Friday, January 31, 2014

Greece Creditors, France, Germany Held Secret Meeting Monday

Creditors Are Worried Over State of Greece's Bailout Program

Updated Jan. 31, 2014 10:57 a.m. ET
BRUSSELS—Top officials peeled away from colleagues after a euro-zone finance ministers meeting in Brussels Monday evening for a secret meeting to discuss mounting concerns over Greece's bailout.
Greek Finance Minister Yiannis Stournaras, who was briefing the press in a building across the street at the time, wasn't invited.
High-level officials from the International Monetary Fund, the European Commission, the European Central Bank, senior euro-zone officials and the German and French finance ministers were present, according to people with direct knowledge of the situation.
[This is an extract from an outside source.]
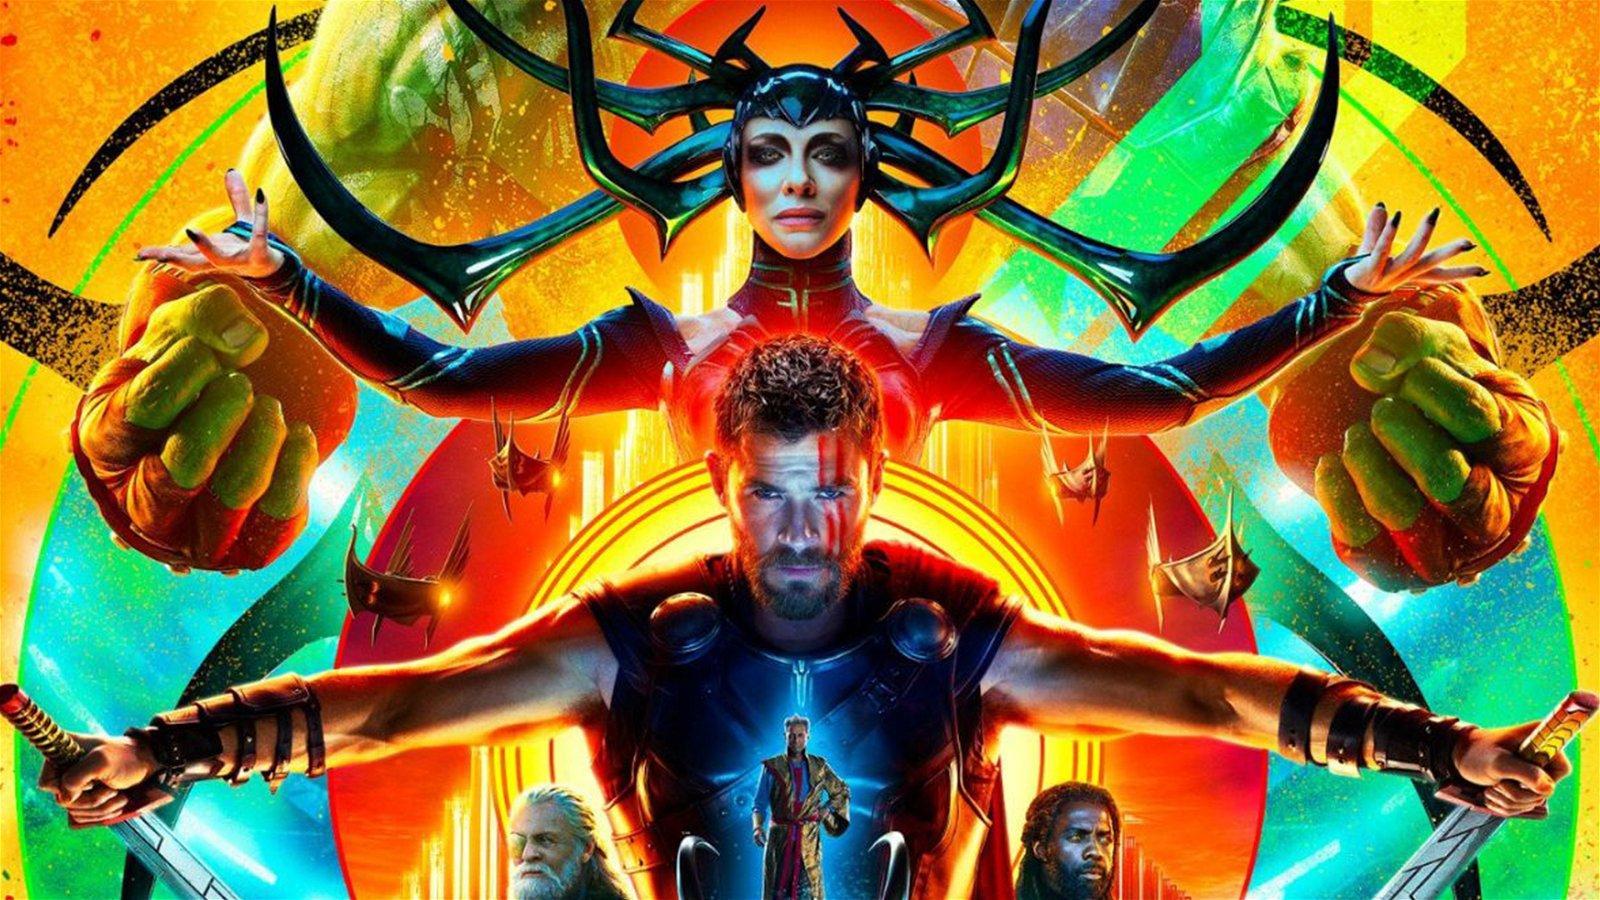 Thor: Ragnarok Could Be Director Taika Waititi at His Best 2

They spoke on condition of anonymity because they aren't authorized to talk to the press.
They were trying to figure out how to tackle two issues threatening to unsettle the fragile economic recovery in Greece and the broader euro zone.
They discussed how to press the Greek government to forge ahead with unpopular structural reforms; and second, how to scramble together extra cash to cover a shortfall in the country's financing for the second half of the year, estimated at €5 billion-€6 billion ($6.81 billion-$8.17 billion).
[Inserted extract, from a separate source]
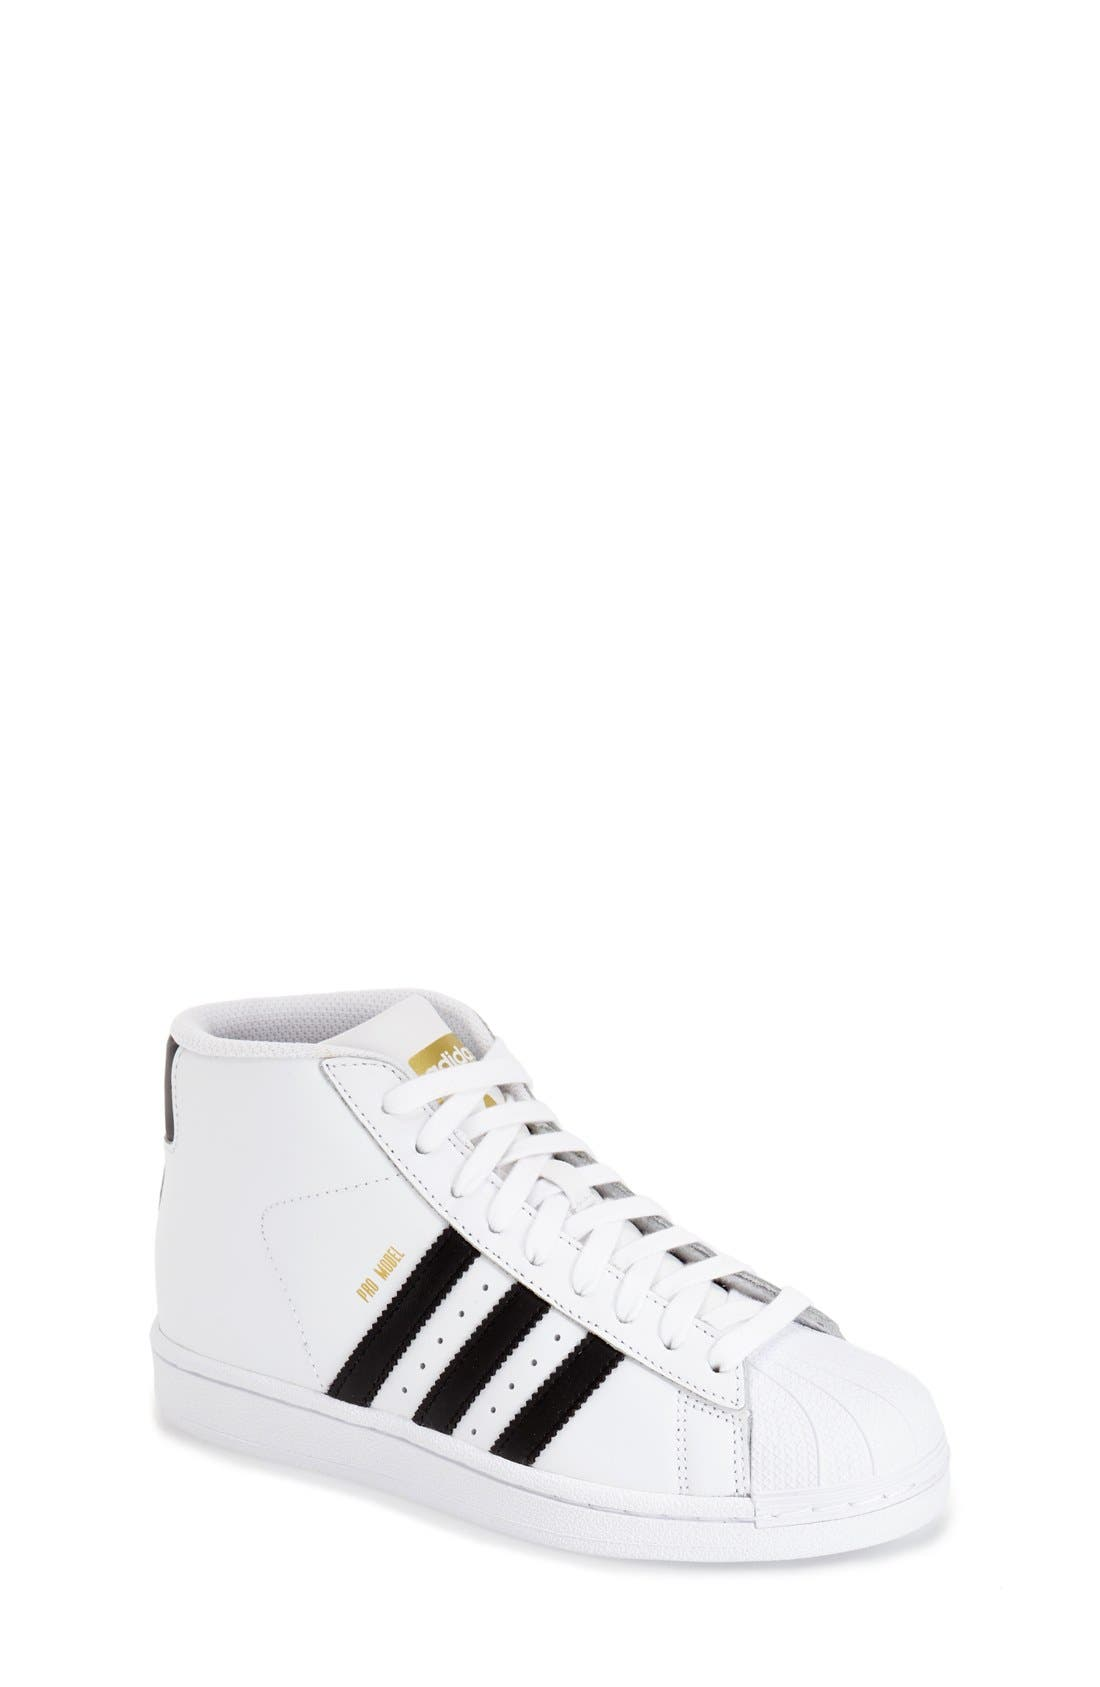 adidas 'Pro Model' High Top Sneaker (Big Kid)

The meeting was inconclusive, the people familiar with the situation said. Talks with the Greek authorities continue remotely—though representatives of the three institutions, known as the troika, have put on hold their plans to travel to Athens.
Concerns are growing because Greece faces a large maturity of government bonds in May of €11 billion. The IMF hasn't disbursed any aid to Greece since July and is €3.8 billion behind in scheduled aid payments. The IMF insists on having a clear view of the country's finances 12 months ahead, and this condition hasn't been met.